Start of Data provided
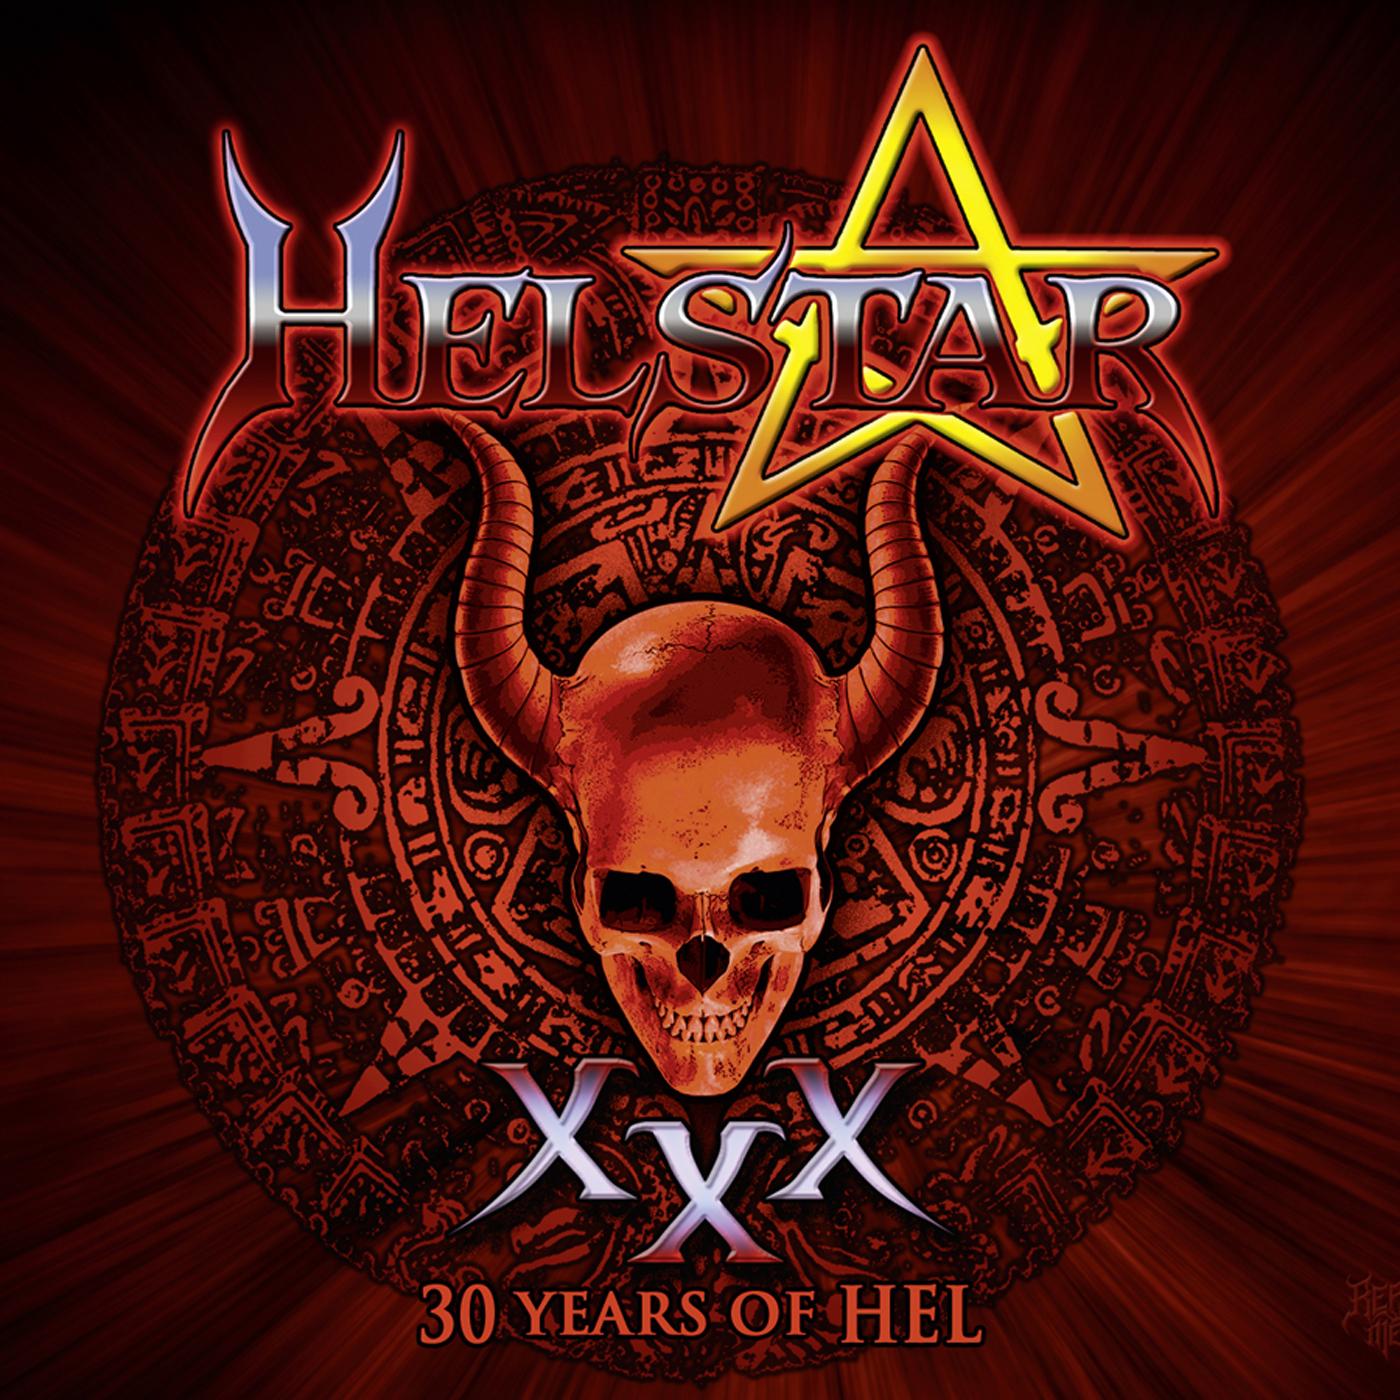 Helstar: XXX - 30 Years of Hel
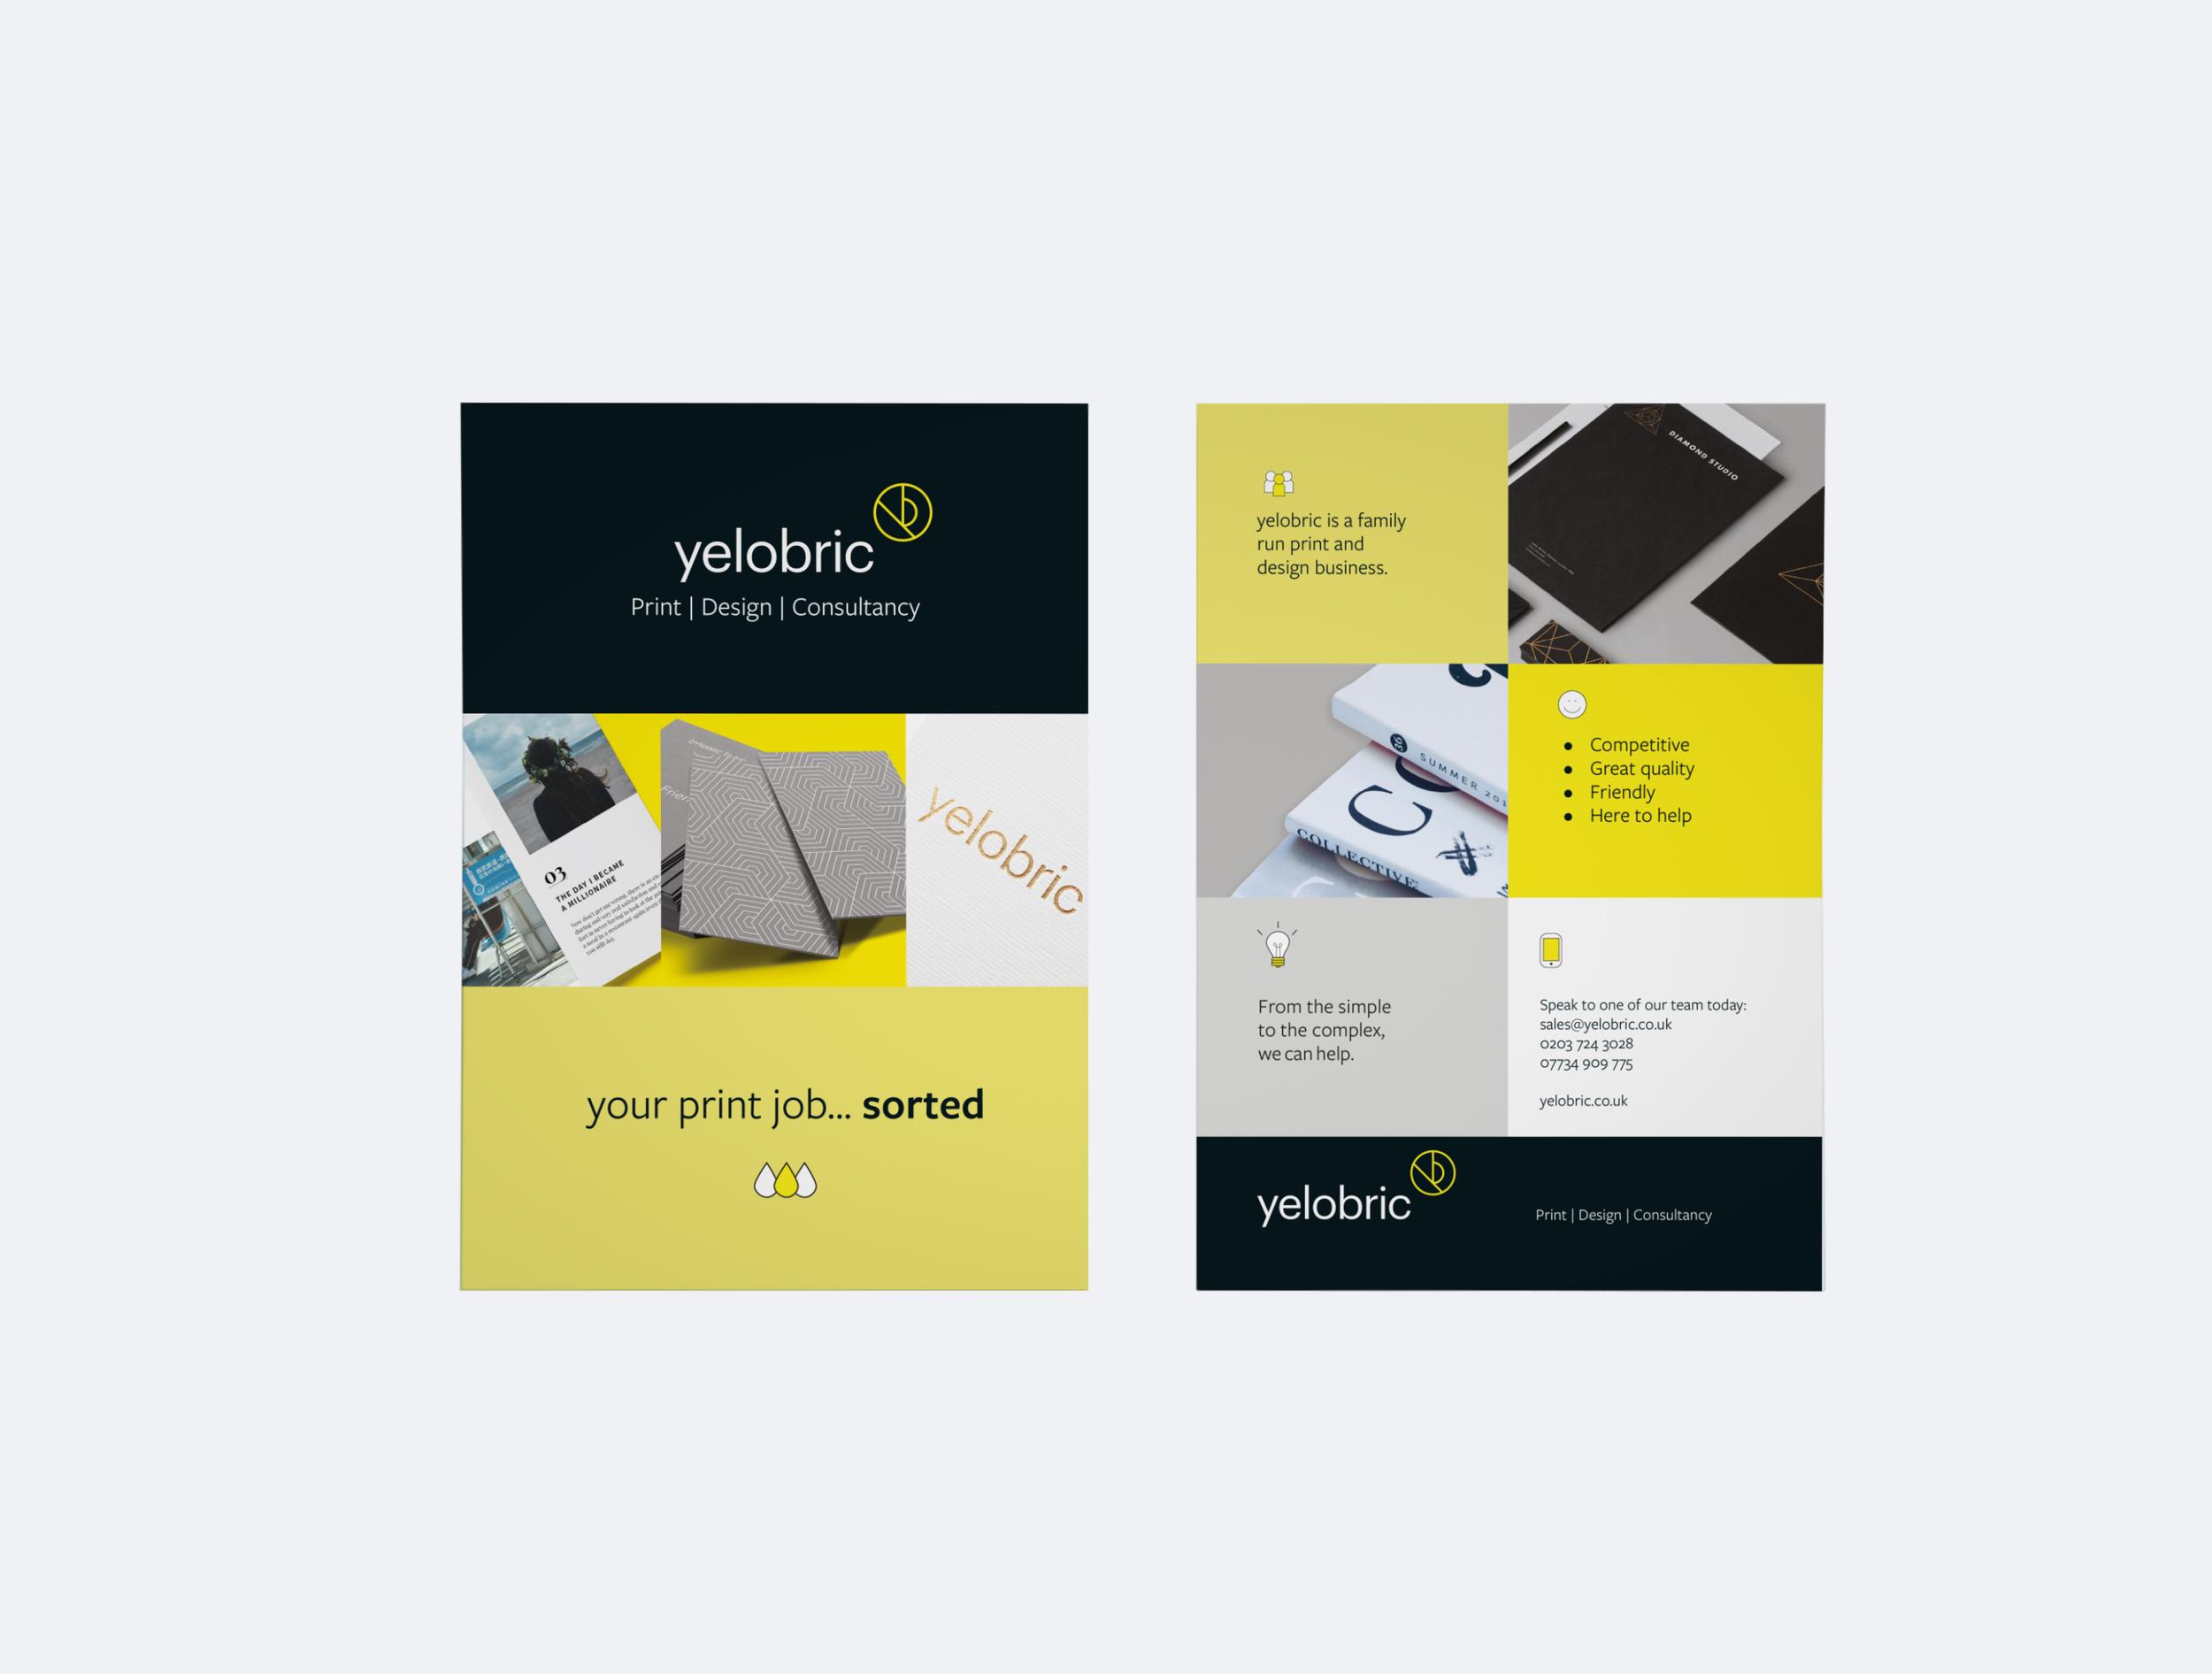 Yelobric-Leaflet-mock-up-white-BG.png
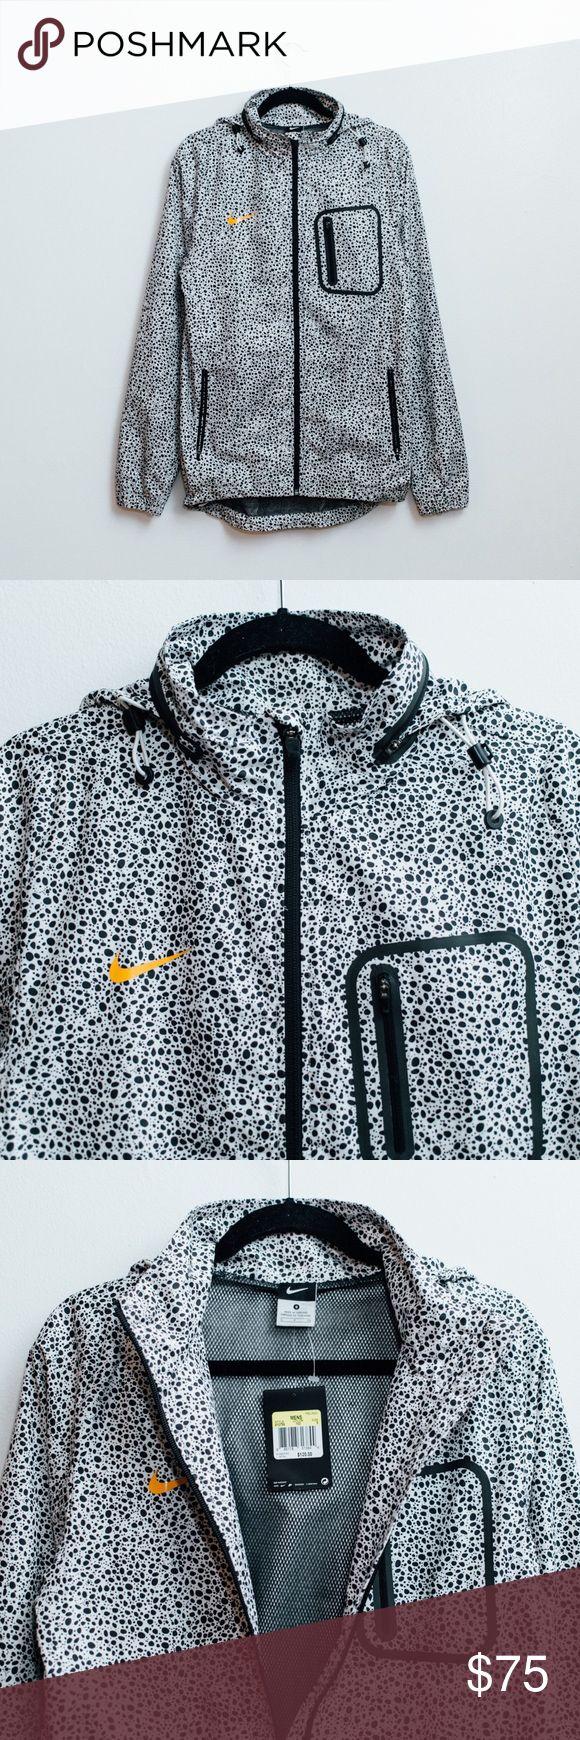 BNWT MENS NIKE MERCURIAL SAFARI JACKET Brand new with tags Nike Mercurial Safari jacket. White with black safari print and an orange swoosh. Offers considered, please no trades. Nike Jackets & Coats Windbreakers
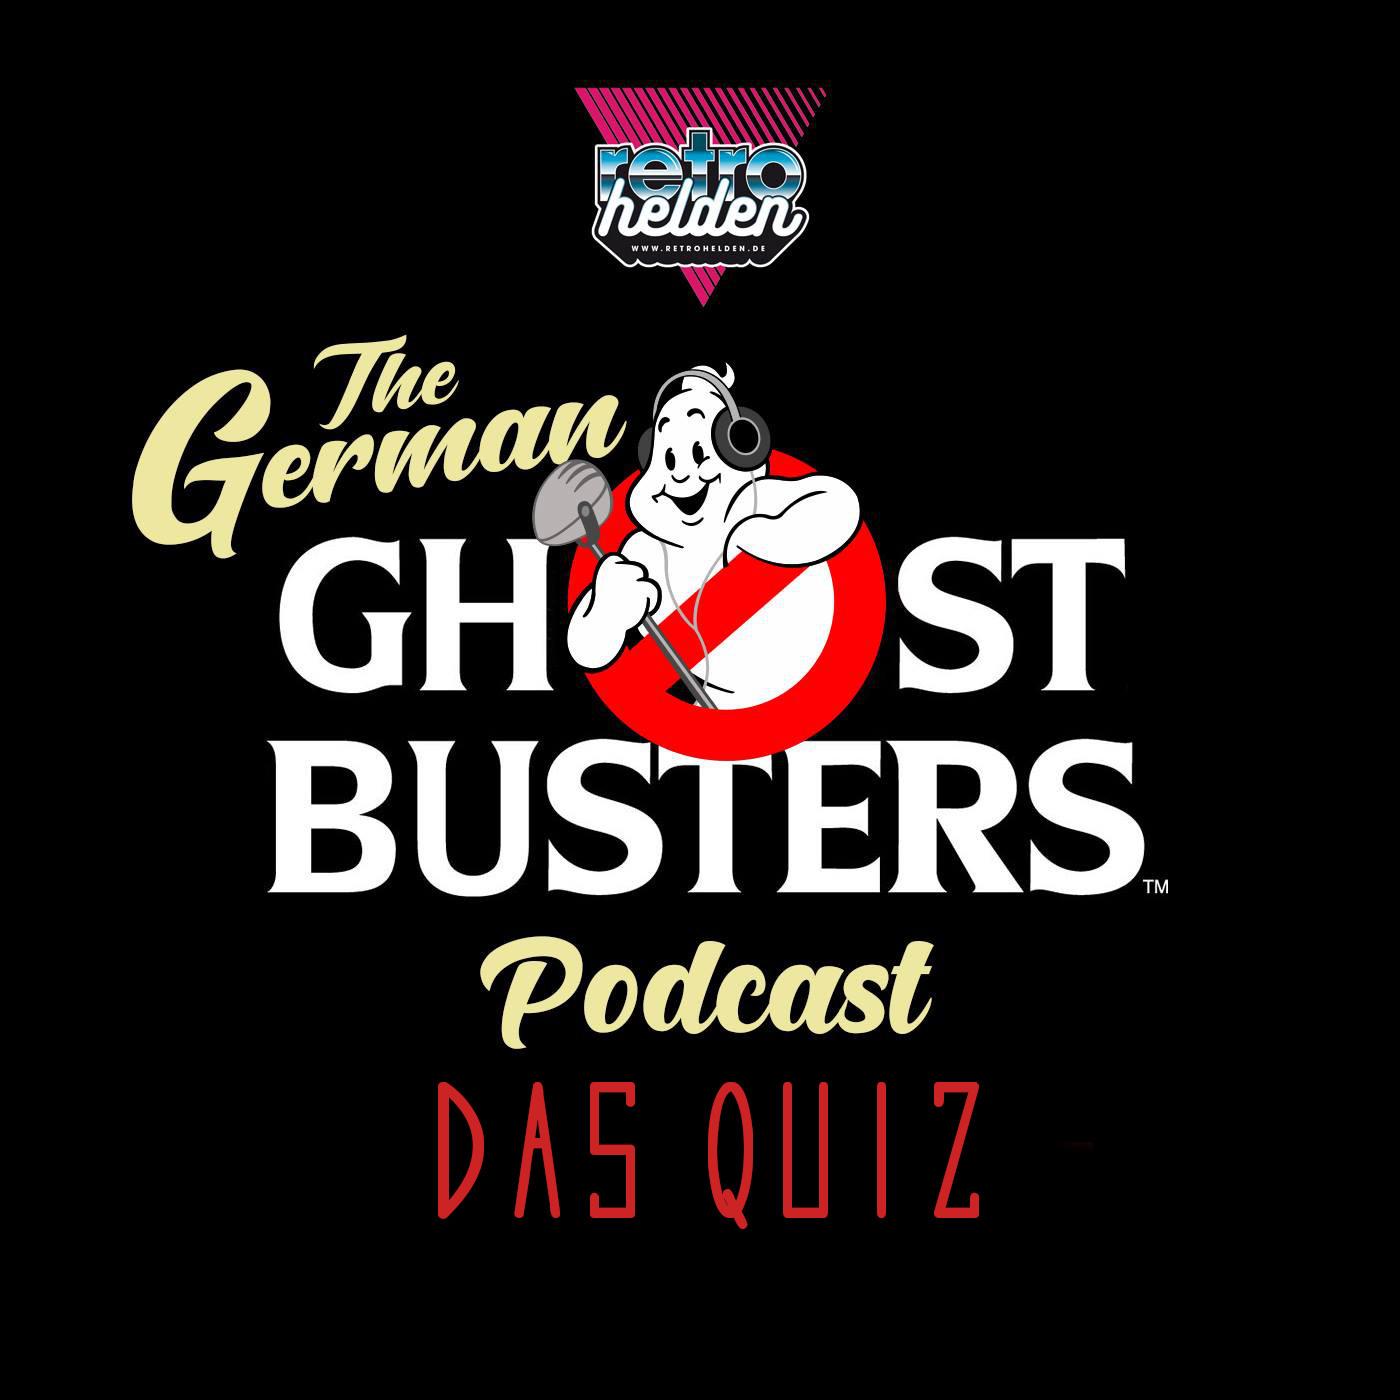 Folge 003 - Das Quiz
End of Data provided
Would you reproduce the listing above exactly, without any of its images?

 Helstar: XXX - 30 Years of Hel
 Yelobric-Leaflet-mock-up-white-BG.png
 BNWT MENS NIKE MERCURIAL SAFARI JACKET Brand new with tags Nike Mercurial Safari jacket. White with black safari print and an orange swoosh. Offers considered, please no trades. Nike Jackets & Coats Windbreakers
 Folge 003 - Das Quiz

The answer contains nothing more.